I’ve noticed that health advice seems to go through cycles. There are fad diets, fad exercise routines, and fad vitamins and supplements. It’s kind of like how fashion recycles too. Observing the popular rise of zone 2 training had me reflecting on how I should interpret this growing interest, when I see that popular consensus shifts frequently.
Today every longevity expert is preaching about the benefits of zone 2 training. To be honest, I don’t know much about zone 2 training, and haven’t read any studies about it. I’m writing this from the viewpoint of a lay person observing a trend. It’s not a commentary on the science of zone 2.
In short, zone 2 training is jogging (or walking, swimming, erging, cycling etc). Some sort of aerobic exercise performed at pace comfortable enough to hold a light conversation. There are 5 zones. Zone 1 is a casual stroll. Zone 5 is an all out sprint, with the intensities of zones 2-4 somewhere in between.
Zones are not determined by pace or work output, however. For example, everyone’s zone 2 is different. Zone 2 for me may be a 15 minute mile, while for an athlete it may be a 6 minute mile.
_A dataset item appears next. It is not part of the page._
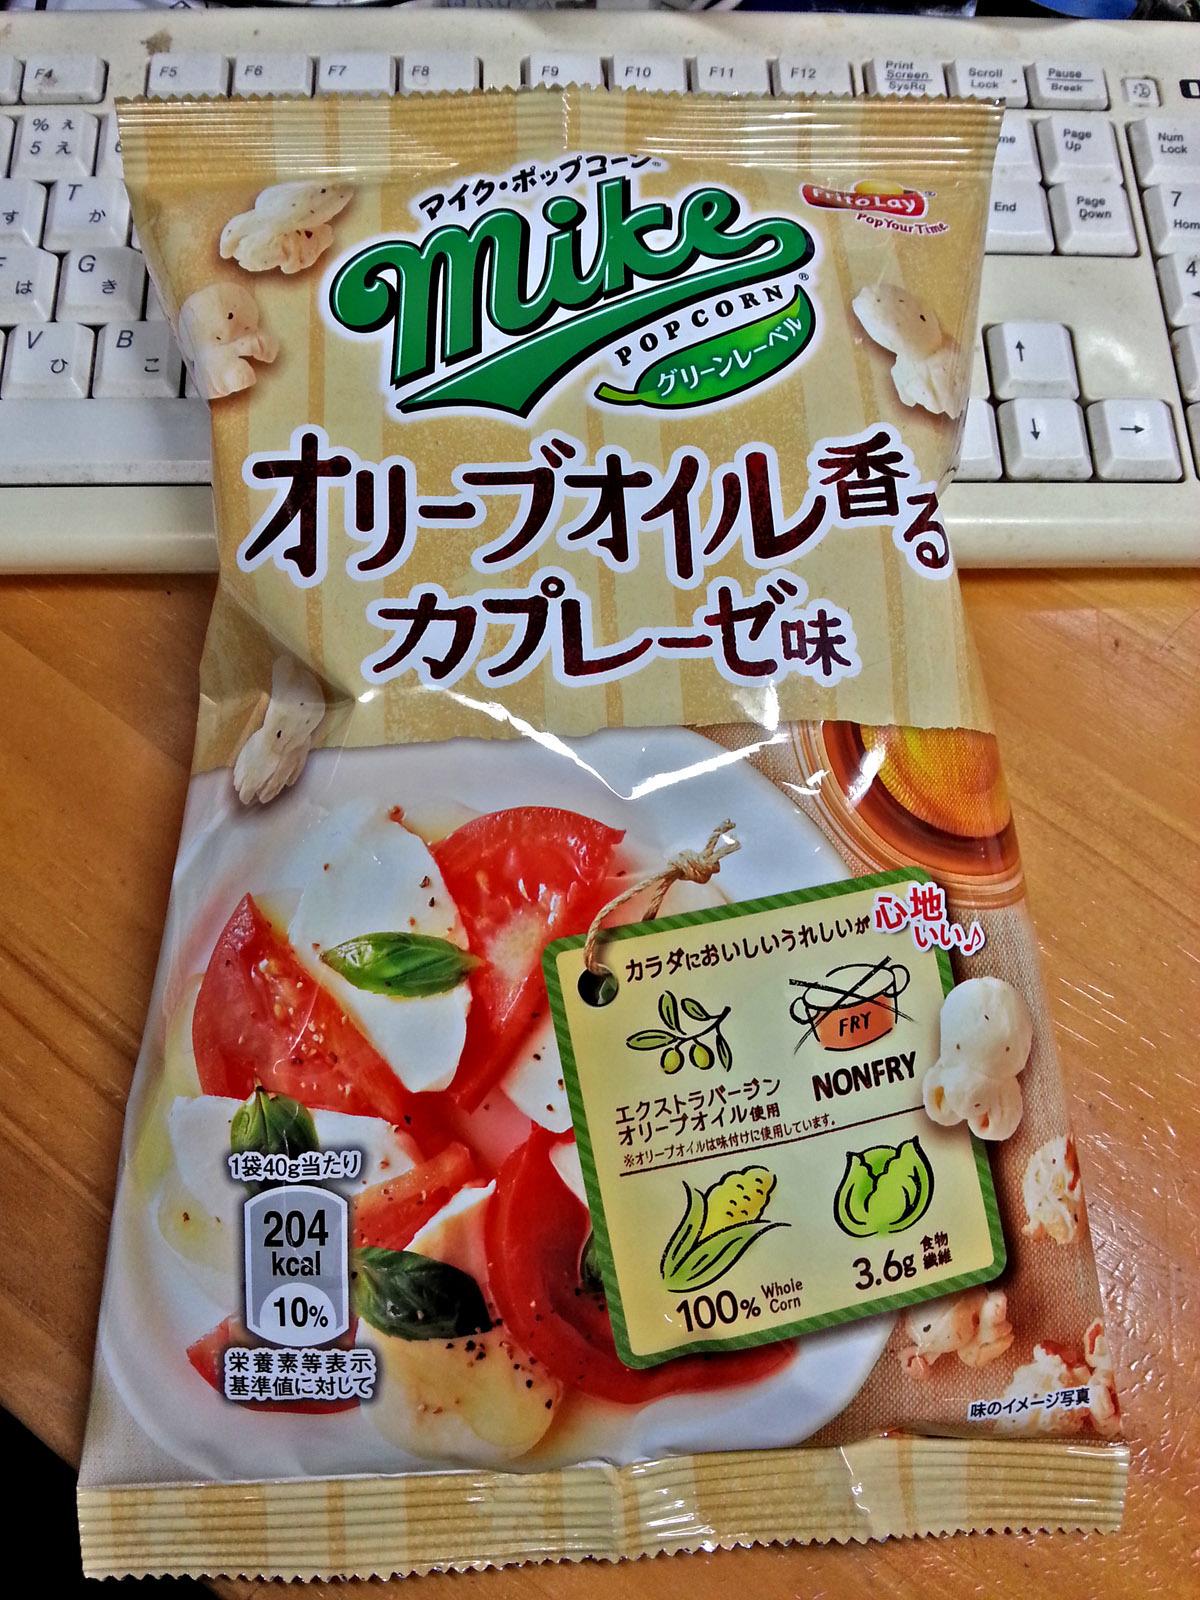 ポップコーン オリーブオイル味

This is because zone 2 is defined by the maximum work one can generate while maintaining steady and low lactate levels (i.e. < 2mmol/L). The thought is that healthier mitochondria, and thus healthier individuals, can produce more work before shifting to anaerobic metabolism.
More importantly, the claim is that engaging in more zone 2 exercise is the best way to train to improve health and live longer. Estimating the energy producing capacities of the mitochondria provides a mechanistic explanation for why maximizing zone 2 training specifically can reduce the risks of cardiometabolic disease like diabetes, hypertension; and dementia, and heart disease.
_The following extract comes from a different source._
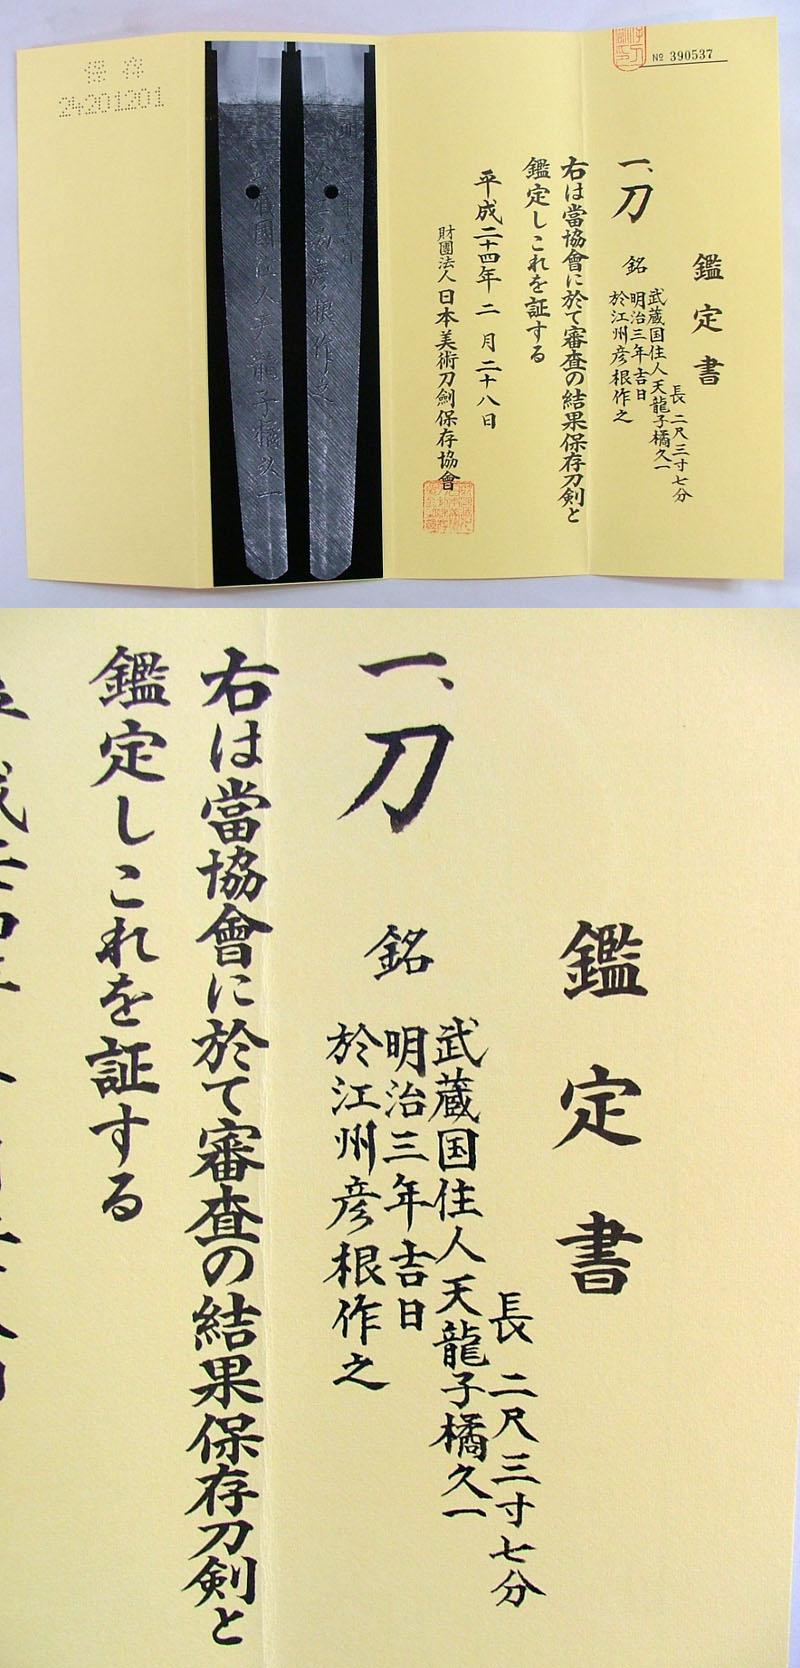 武蔵国住人天龍子橘久一(尾崎助隆門人) Picture of Certificate

What I found interesting was that before zone 2 training started trending 2-3 years ago, the best type of exercise was thought to be high intensity interval training, or HIIT. High intensity interval training consists of short bursts of high intensity with periods of rest, which sounds like the exact opposite of the tenants of zone 2 training. I don’t know what the proposed logic was for why HIIT was superior though it probably had something to do with type 1 and 2 muscle fibers, and how engaging different muscle types improve mitochondrial function and allows you to control which types of fuel to burn i.e. carbs or fat.
Regardless, the point of this essay is not to say which exercise is better or offer criticism on the validity of zone 2. Rather I found the shift in culture interesting because the shift resembled more of a swinging pendulum, rather than a building up from a stable foundation of knowledge.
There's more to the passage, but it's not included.